Q. apt file Node setting

wuruima · Post by **wuruima** » Wed Jul 30, 2014 10:21 pm

Dear all,
May I ask a quick question?
If I have 4 file system(every one is 10G), and I set the apt file like this

        node "node1"
        {
                fastname "xxx"
                pools ""
                resource disk "/Node1/DataSets81" {pools ""}
                resource scratchdisk "/Node1/Scratch81" {pools ""}
        }
        node "node2"
        {
                fastname "xxx"
                pools ""
                resource disk "/Node2/DataSets81" {pools ""}
                resource scratchdisk "/Node2/Scratch81" {pools ""}
        }
        node "node3"
        {
                fastname "xxx"
                pools ""
                resource disk "/Node3/DataSets81" {pools ""}
                resource scratchdisk "/Node3/Scratch81" {pools ""}
        }
        node "node4"
        {
                fastname "xxx"
                pools ""
                resource disk "/Node4/DataSets81" {pools ""}
                resource scratchdisk "/Node4/Scratch81" {pools ""}
        }

I have a parallel job, which have an input sequential file (50G), will the job auto split the 50G file to 4 nodes for calculate? or meet the error that scratch space full?I don't have enough space in my server for test. would you please kindly give me the result ?Thanks.

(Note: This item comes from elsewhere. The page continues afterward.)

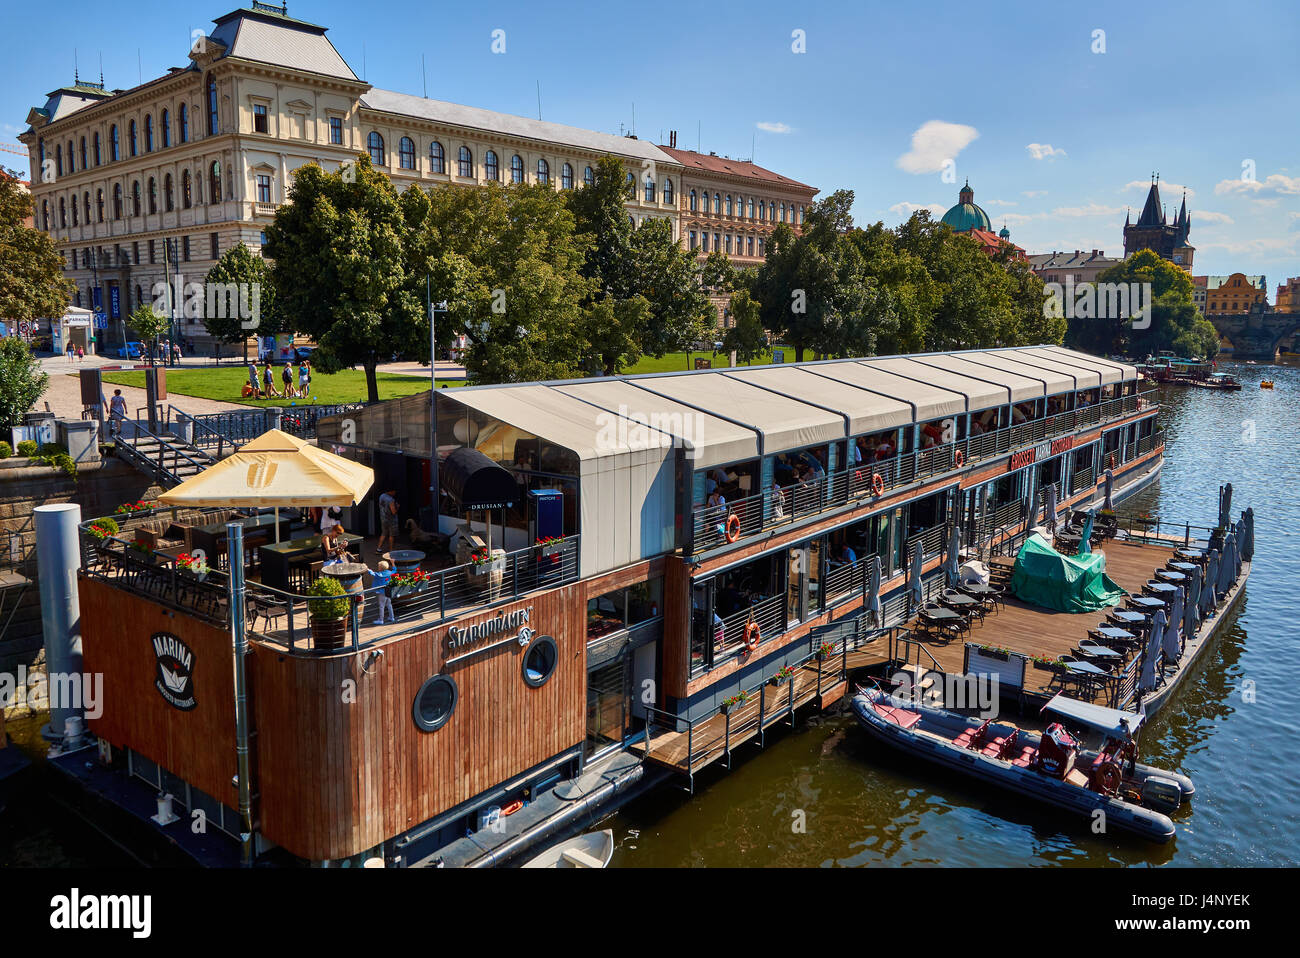 Restaurant Marina on the Vltava river in Prague Czechia Stock Photo

ray.wurlod · Post by **ray.wurlod** » Thu Jul 31, 2014 2:07 am

The job will automatically split the data over the four nodes for processing. If you use Round Robin partitioning, which is the default in most cases, then they will be distributed evenly.

Whether or not your scratch space is consumed depends on whether your job performs operations that require scratch space, such as sorting, lookups, etc. That is not something we can easily determine. However, you can, by using the Resource Estimation tool in DataStage Designer.

priyadarshikunal · Post by **priyadarshikunal** » Fri Aug 01, 2014 8:25 am

but still you are 10 GB short

PaulVL · Post by **PaulVL** » Fri Aug 01, 2014 11:24 am

well if you are creative in your job, you could read the data in, fork off the column you need to sort into one data stream, then after that sort, join the data back into the rows.

That's the only way to not drop 50GB of data into your scratch area that is only 40GB total. BTW... that also limits you for other stages that use the scratch resource disk.